The Commissioner may make a reassessment of CIPT under section 9 of the Taxation Administration Act 1997 more than 5 years after the initial assessment.

Division 3—Security for CIPT

27CIPT is a first charge on land

(1)Unpaid CIPT (including any interest and penalty tax) is a first charge on the land on which the CIPT is payable.

(2)Subject to section 36S of the Treasury Corporation of Victoria Act 1992, the charge has priority over all other encumbrances to which the land is subject.

(3)Subsections (1) and (2) do not apply to CIPT on Crown land or vested land under Part 3A of the Victorian Plantations Corporation Act 1993.

(4)If a person—

(a)is a bona fide purchaser for value of land; and

(b)obtains a certificate from the Commissioner under section 95AA of the Taxation Administration Act 1997 in respect of the land—

the charge does not secure any amount of CIPT (including any interest and penalty tax) on the land in excess of the amount set out in the certificate.

Note

Notice of a charge under this section may be lodged with the Registrar under section 106B of the Transfer of Land Act 1958.

Division 4—Recovery of CIPT

28Recovery from lessee, mortgagee or occupier

(1)If a tax default occurs in relation to CIPT, the Commissioner may serve a written notice on a lessee, mortgagee or occupier of the land on which the CIPT is payable requiring the lessee, mortgagee or occupier to pay an amount of CIPT (including any interest and penalty tax) that is payable but remains unpaid.

(2)The Commissioner cannot require a lessee or occupier—

(a)to pay an amount under this section that is greater than the amount of rent the lessee or occupier is required to pay the taxpayer; or

(b)to pay an amount under this section before the day on which the lessee or occupier is required to pay rent to the taxpayer.

(3)Subsection (2) does not apply to a lessee or occupier that is a related corporation or relative of the taxpayer.

(4)A copy of the notice under subsection (1) must be served on the taxpayer.

(5)In this section—

related corporation has the meaning given in section 47 of the Land Tax Act 2005;

relative has the meaning given in section 3(1) of the Land Tax Act 2005.

29Effect of notice under section 28

(1)An amount specified in a notice under section 28(1) must be paid to the Commissioner on receipt of the notice or by the date specified in the notice, whichever is the later.

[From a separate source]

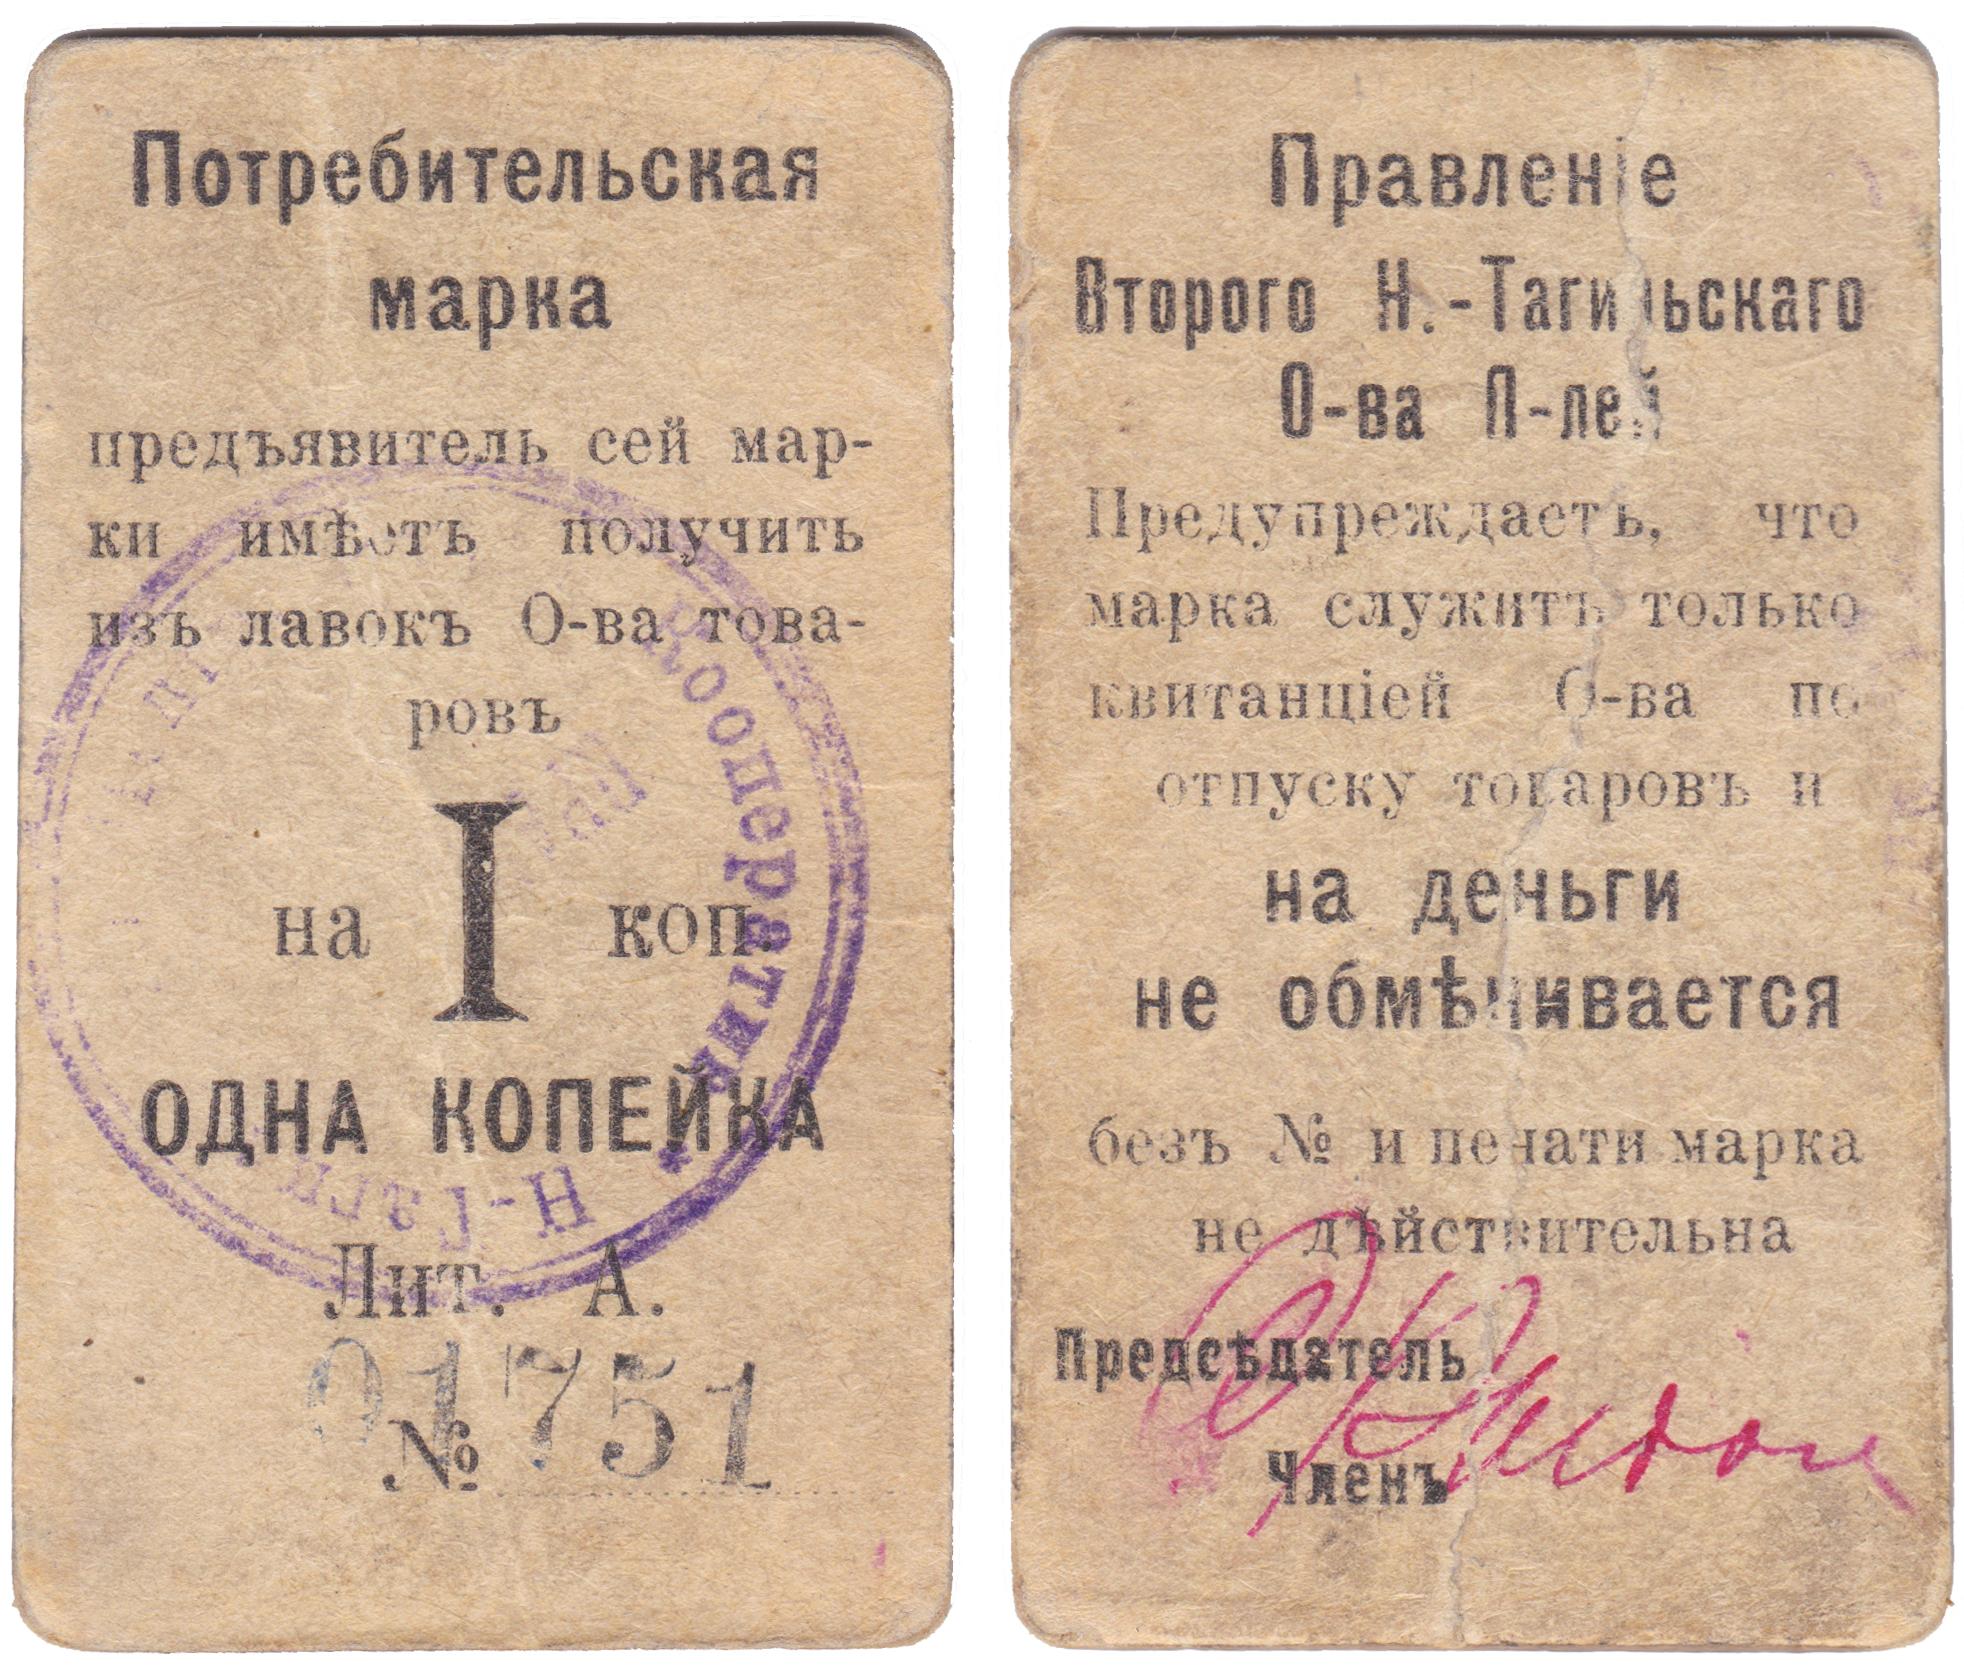 Потребительская марка на 1 Копейка 1918 год. Правление Второго Нижне-Тагильского общества потребителей

(2)Section 45 of the Taxation Administration Act 1997 applies to an amount payable under subsection (1) as if the person required to pay the amount were the taxpayer.

(3)A person who pays an amount under subsection (1) is entitled to recover that amount from the taxpayer as a debt, or to set off the amount against any money owing to the taxpayer.

(4)If a lessee or occupier pays an amount under subsection (1)—

(a)the amount is deemed to have been paid to the Commissioner by the taxpayer; and

(b)the lessee or occupier is deemed to have paid an equal amount of rent to the taxpayer under the lease or agreement or under any applicable tenancy law.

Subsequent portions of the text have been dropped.